This highlights the 'cheating' going on here to make this run so fast, and
I completely endorse it. The join proceeds by side-loading half of the join
into memory. This creates a new possible limiting bottleneck here, the
amount of memory allocated to the mapper (/reducer).

There are a number of things that could be done later to optimize this,
though they might be kind of painful to implement. One is using floats
instead of doubles. The other is precomputing which items are needed in
which mappers and then only loading that subset into memory.
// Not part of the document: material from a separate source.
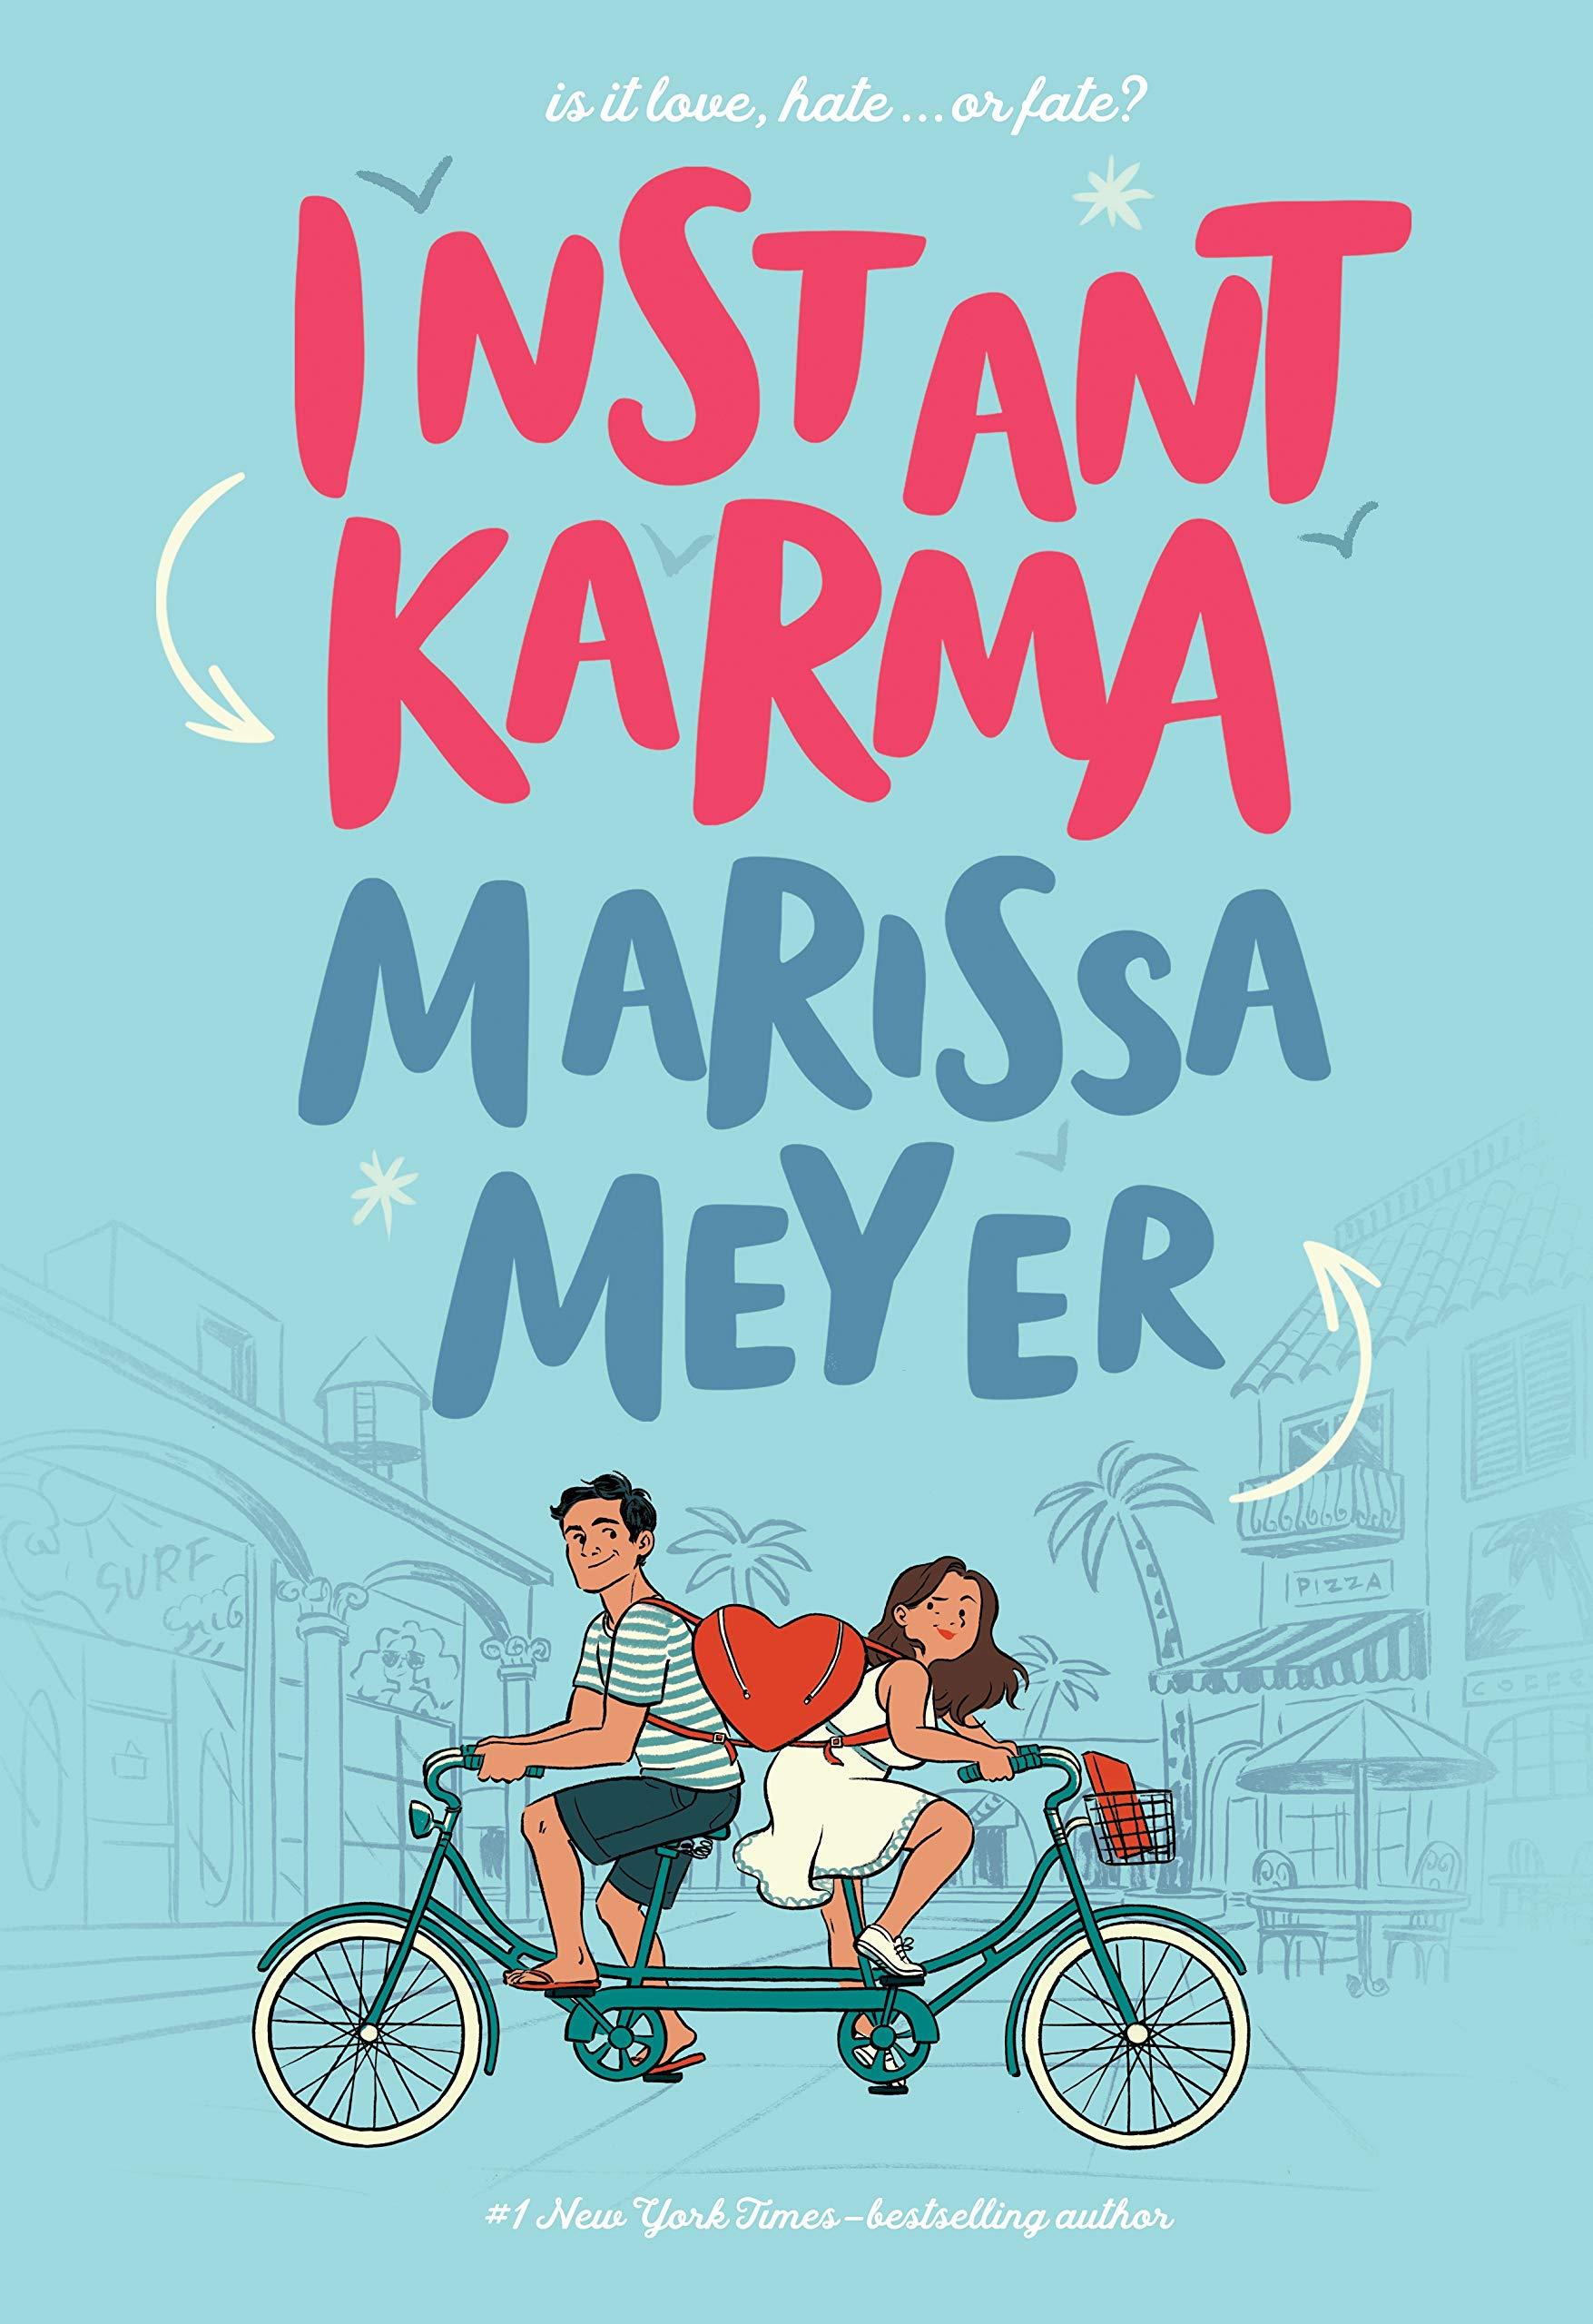 Amazon.com: Instant Karma (9781250618818): Meyer, Marissa: Books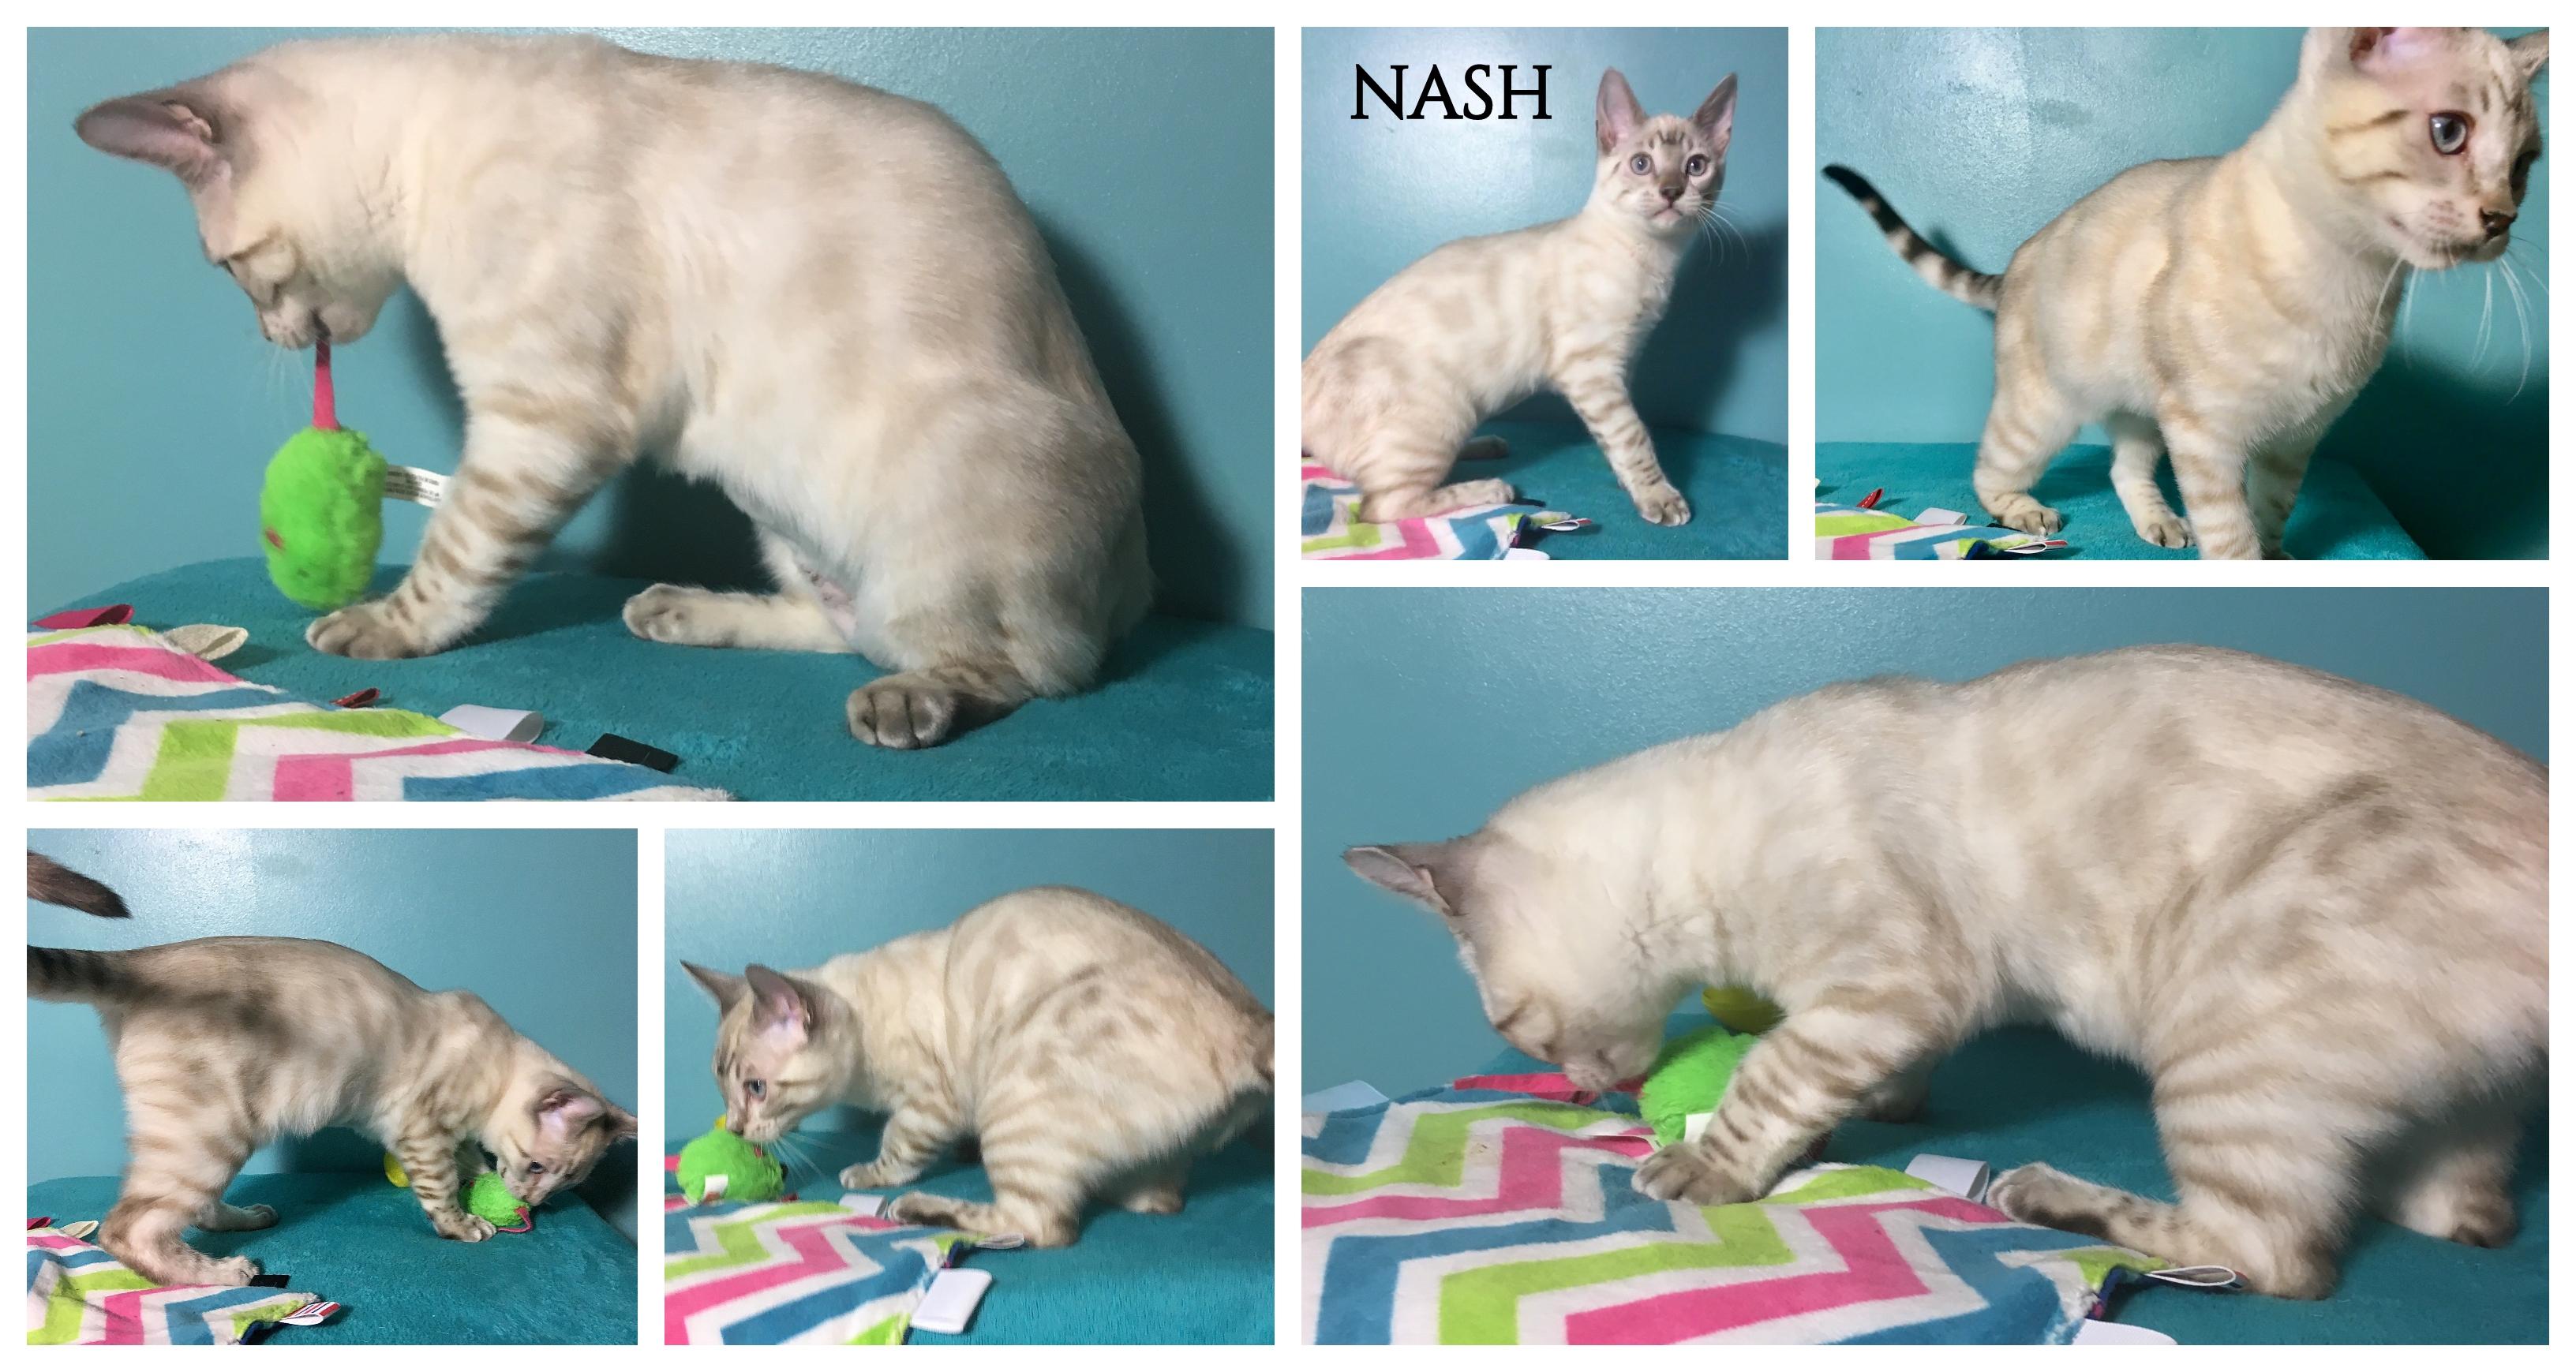 Nash 16 weeks

In some of the development I have done these and other tricks make these
things run fast. The down-side is just that it takes effort to optimize
that far and a lot of the optimization doesn't generalize to other
algorithms.

I still quite buy the argument that there are going to be better frameworks
for this, where you don't fight and work around the paradigm to get things
done. But it's quite possible to make these things hum on the commodity
distributed paradigm of today.

(PS: anyone at Hadoop Summit Europe today, let me know)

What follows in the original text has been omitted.